Remote Applications in Challenging Environments (RACE), consolidates the expertise built up by UKAEA in remote handling in the JET experiment, and will offer design and testing facilities for the development of remote, robotic and autonomous systems in a number of challenging environments – such as deep-sea oil and gas exploration, nuclear power generation, space exploration etc.
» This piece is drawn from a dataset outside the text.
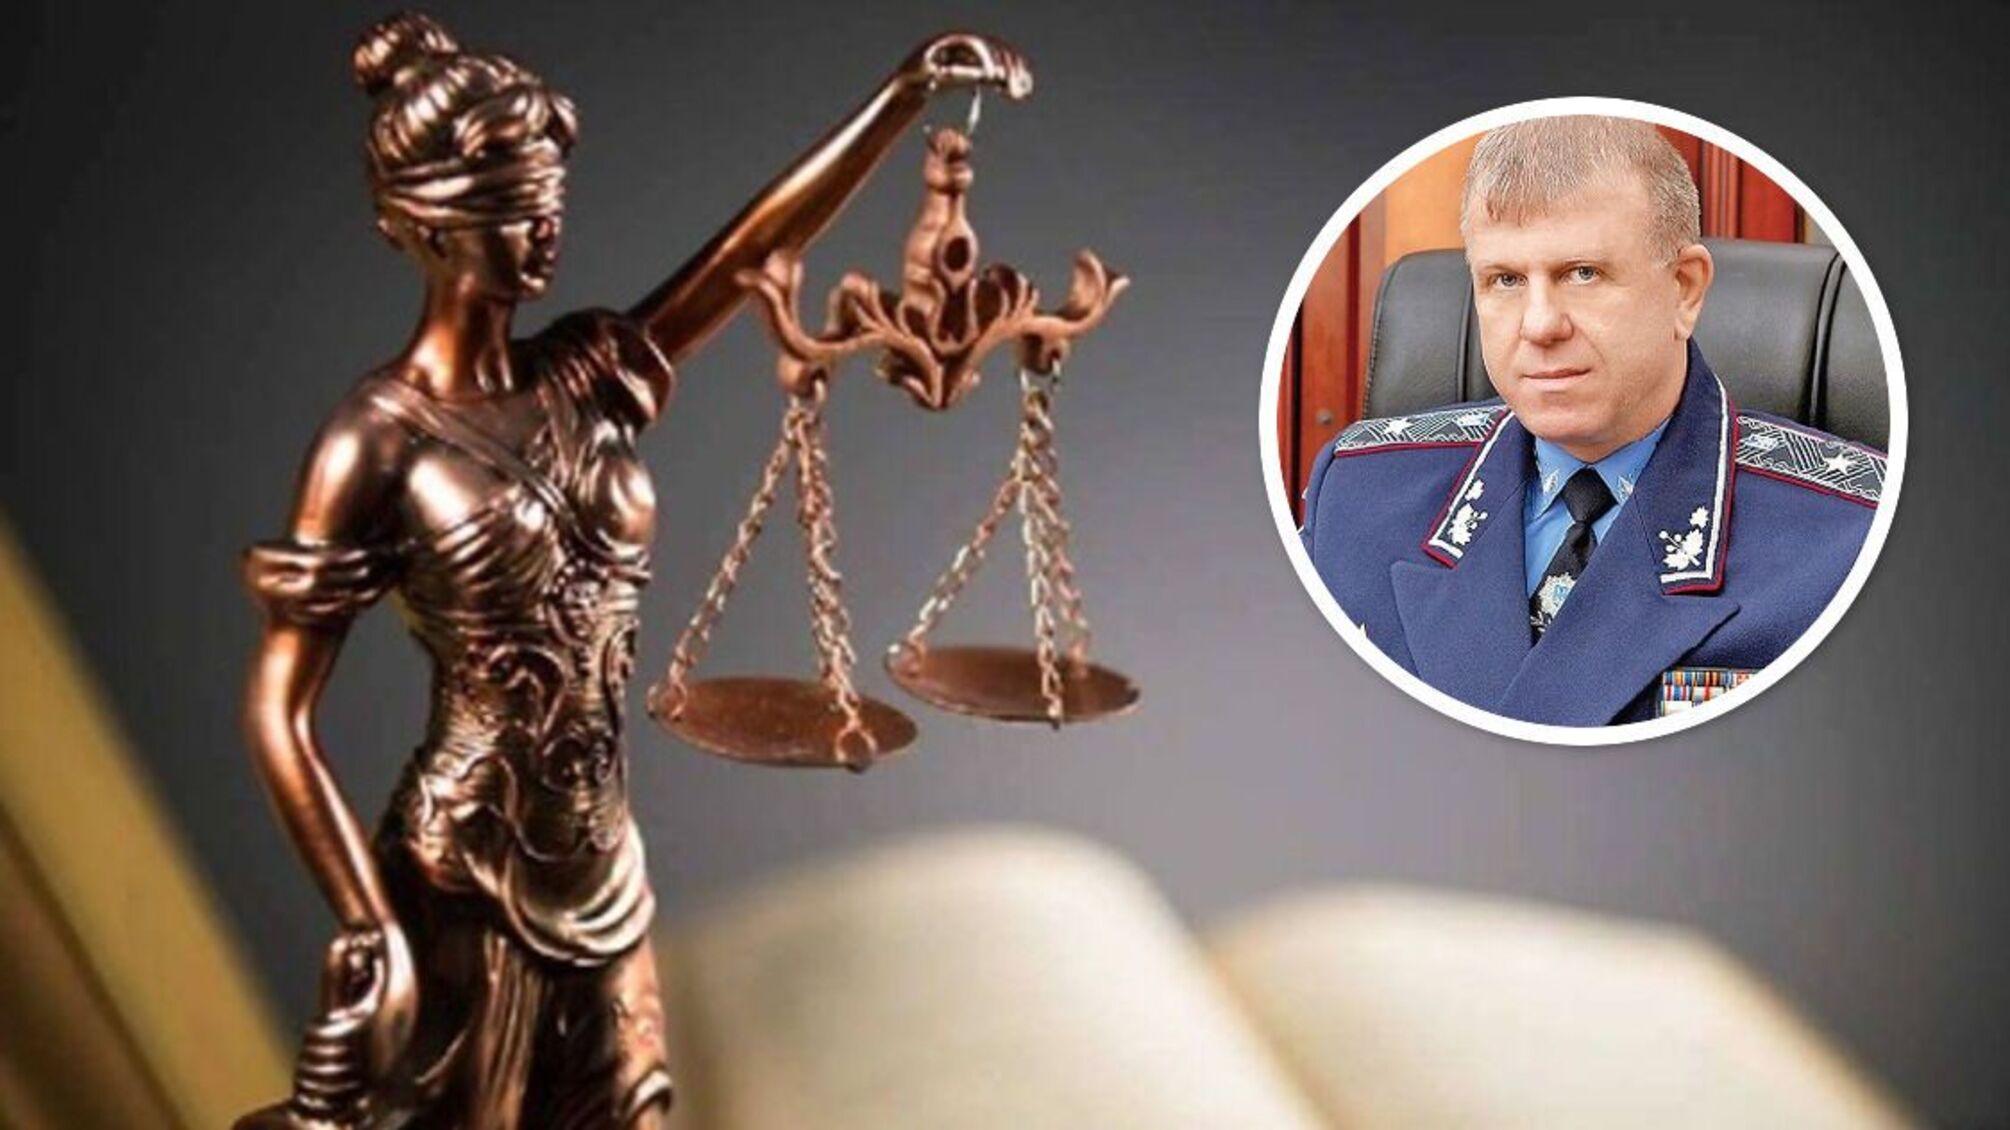 Экс-глава полиции Херсона Литвин пойдет под суд, ему грозит пожизненное за сотрудничество с ФСБ

The €14 billion International Tokamak Experimental Reactor (ITER) project is the next step in fusion research. Under construction in Cadarache, France, it is due to start operation in the mid 2020s, building on the success of JET and the worldwide tokamak research programme. It is intended to demonstrate integrated physics and engineering on a scale of a future fusion power station and is expected to produce 500 MW of fusion power. UK companies have already won many ITER contracts; it is hoped that UK science park-based companies will play an active role in supplying technology and services to the ITER project. For more details, see www.fusion-industry.org.uk.
Support for Industry
The skills and technologies associated with fusion research can be useful to companies of any size. At Culham Science Centre start-up technology companies are able to draw on the skills of the UKAEA team working on one of the world’s greatest engineering challenges. A Technical Support Package has been developed by UKAEA to assist suitably qualified companies during the early stages of their business. Depending on their needs, the package could include, for example, technical advice and access to mechanical, electrical and electronic engineering skills, as well as computer modelling, precision diagnostics, cryogenic systems and microwave systems.
Planning for the Future
In order to maintain the engineering skills base at technician level, CCFE runs an Advanced Apprenticeship Scheme – www.culhamapprenticeshipscheme.com. The scheme selects and recruits successful candidates who undergo a four year training programme based at CCFE and at a local college.